UK

Ministers rip up protections for torture victims and asylum seekers in processing centres

Ministers are ripping up protections for torture victims and asylum seekers arriving on small boats, while quadrupling the time they can be held at controversial processing centres.

Immigration minister Robert Jenrick has quietly rewritten the law governing short-term holding facilities such as Manston to dramatically downgrade standards of healthcare, legal advice, communications and sleeping conditions.

Charities have accused the government of making it “easier to get away with horrors” that saw a man die of diphtheria last month with the changes.

Experts fear that victims of torture will not be identified after crossing the Channel, because obligations to report concerns about torture, suicidal ideas, mental health or any person “injuriously affected by continued detention” are being removed.

The changes were lodged as a statutory instrument without debate in parliament, or a public announcement, on Thursday and will come into force on 5 January.

They will mean that migrants can be held at Manston for four days and in worse conditions, without the government breaking the law.

Ministers came under pressure over major overcrowding at Manston in the autumn, when it emerged that some asylum seekers were being detained far beyond the 24-hour legal limit, while sleeping on the floor of tents.

A lawyer who works on unlawful detention cases told The Independent the move was part of a pattern of the government making “constant amendments in response to legal challenges”.

“All they are doing is making it lawful to do things that were previously unlawful,” added the solicitor, who did not want to be named. “There’s a reason these policies were created in the first place.”

The 2018 rules being changed have been used in numerous successful challenges by migrants and asylum seekers who were unlawfully detained by the government, and The Independent understands that individual cases have seen the Home Office pay up to £40,000 in compensation.

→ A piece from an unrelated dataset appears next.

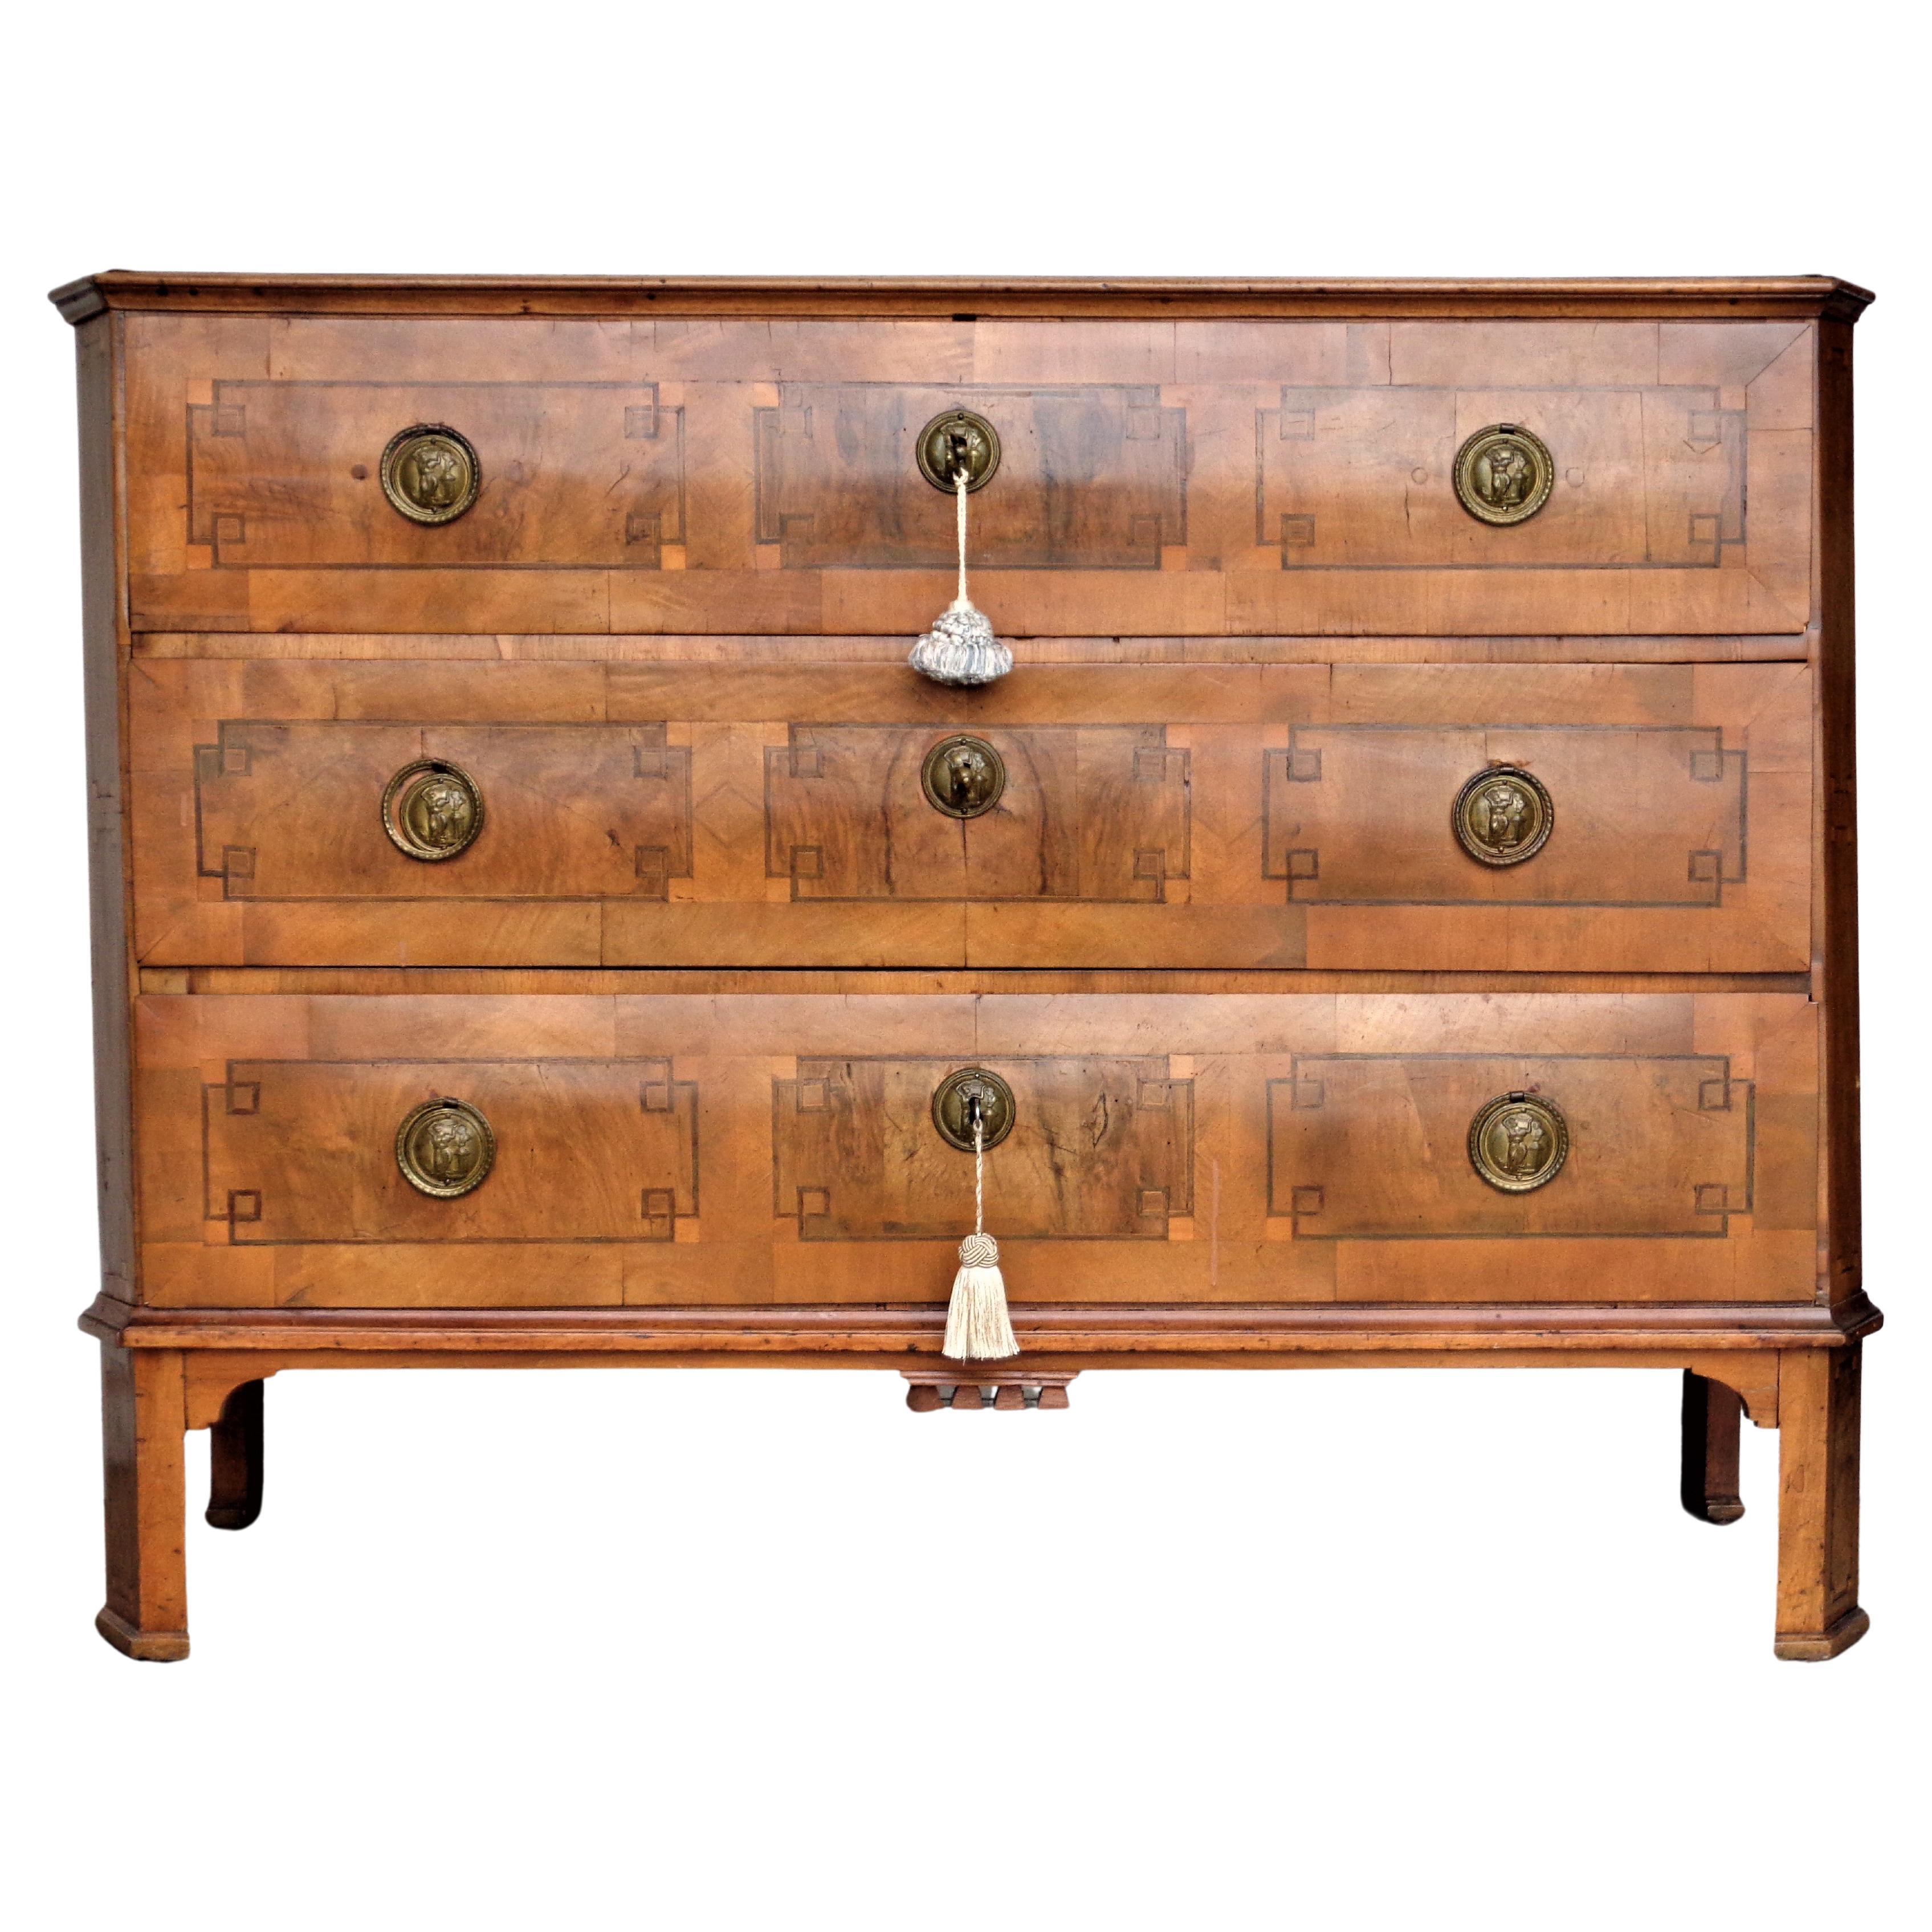 18th Century German Neoclassical Inlaid Chest of Drawers

A pre-action letter said The Short-term Holding Facility Rules 2018 meant that migrants could only be held for 24 hours at Manston without a formal extension in “exceptional circumstances”, and had to be granted confidential meetings with lawyers, access to mobile phones, and internet access.

All of those entitlements are being downgraded for a new category of detention centre, which the government has labelled a “residential holding room”.

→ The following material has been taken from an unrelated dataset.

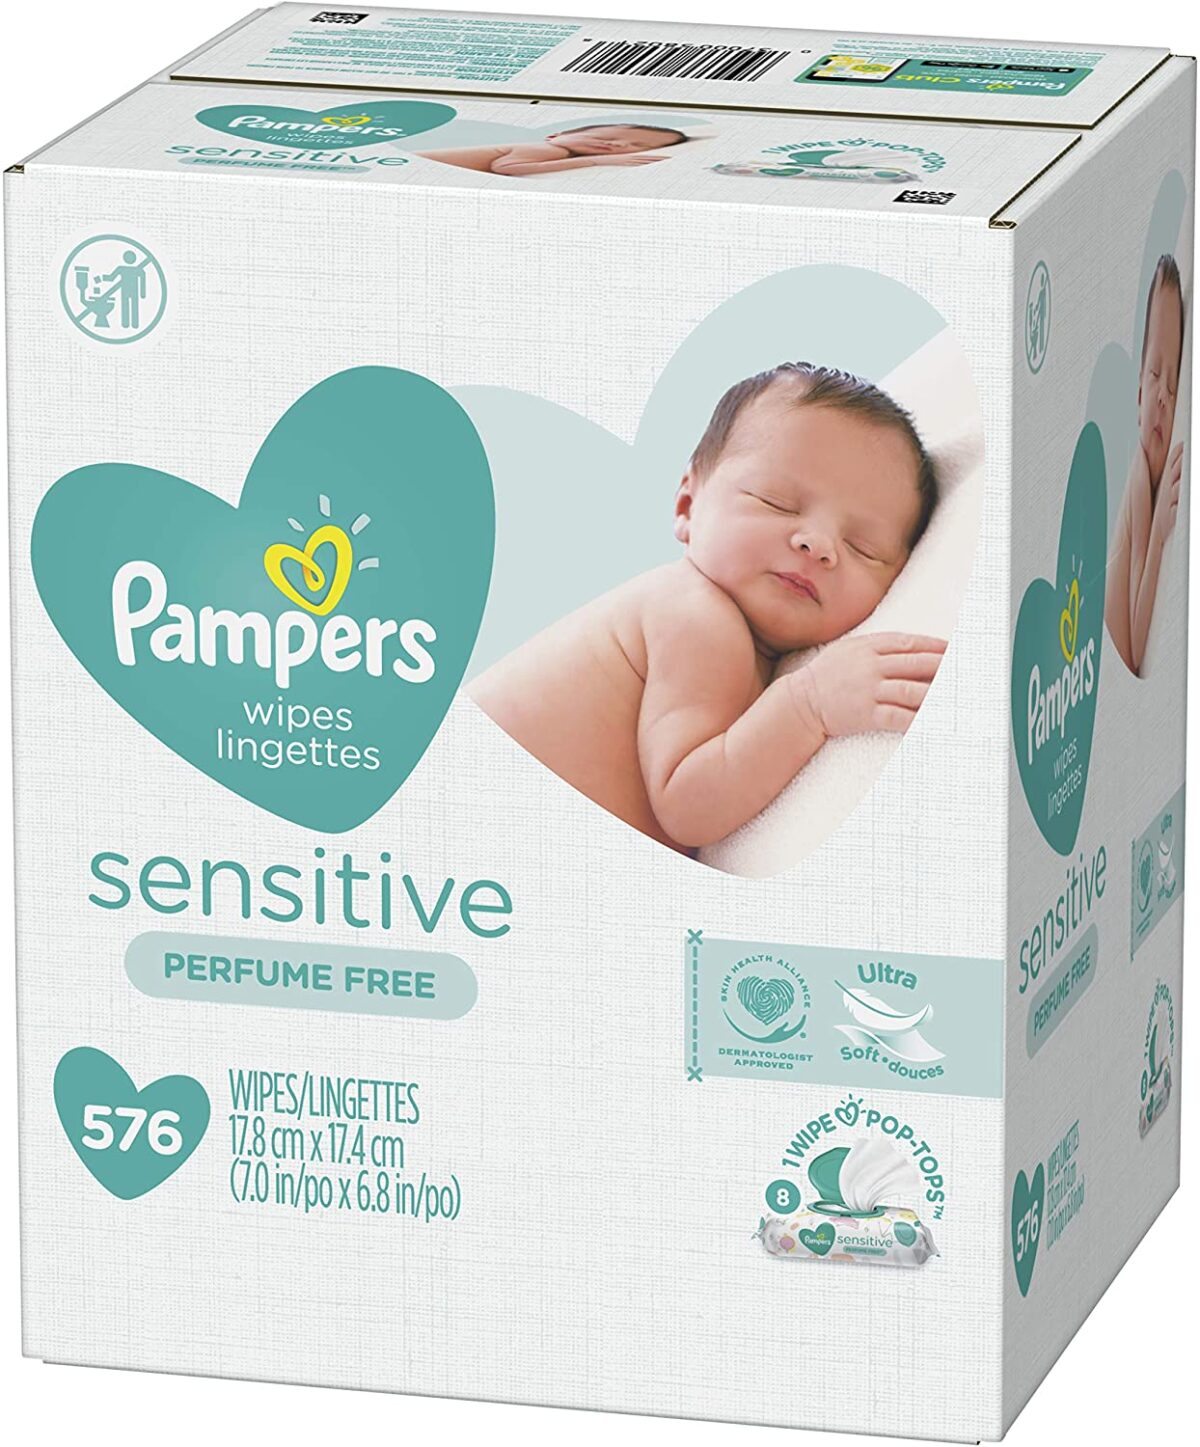 Baby Wipes, Pampers Sensitive Water Based Baby Diaper Wipes, Hypoallergenic and Unscented, 8 Pop-Top Packs, 576 Total Wipes

The new law says people can be detained for 96 hours, or longer if authorised by the home secretary in “exceptional circumstances”, up on the previous 24 hours.

Sweeping changes have been made to healthcare requirements, with a clause stating that detainees must be medically screened within two hours changed to make the time period 24 hours, or longer if “not possible”.

Medics will only have to identify “any immediate risk to health” and review the person’s detention – a dramatic downgrade on the 2018 law, which specified that they must report anyone whose health would be affected by continued detention or the conditions.

It said that anyone suspected of having suicidal intentions had to be reported to a manager and cared for, and that “concerns that a detained person may have been a victim of torture” must be formally raised.

Formal reports had to be drawn up into any identified cases and sent to the Home Office, while staff made “any special arrangements necessary”.

Asylum seekers will only be legally entitled to medical care if they “become ill or sustain an injury”, whereas the previous law mandated “access to a healthcare professional” for anyone who asked.

The new law states that the size, lighting, heating, ventilation and fittings of facilities are “adequate for health”, cutting out parts of the 2018 law that mandated storage and the ability to communicate with staff.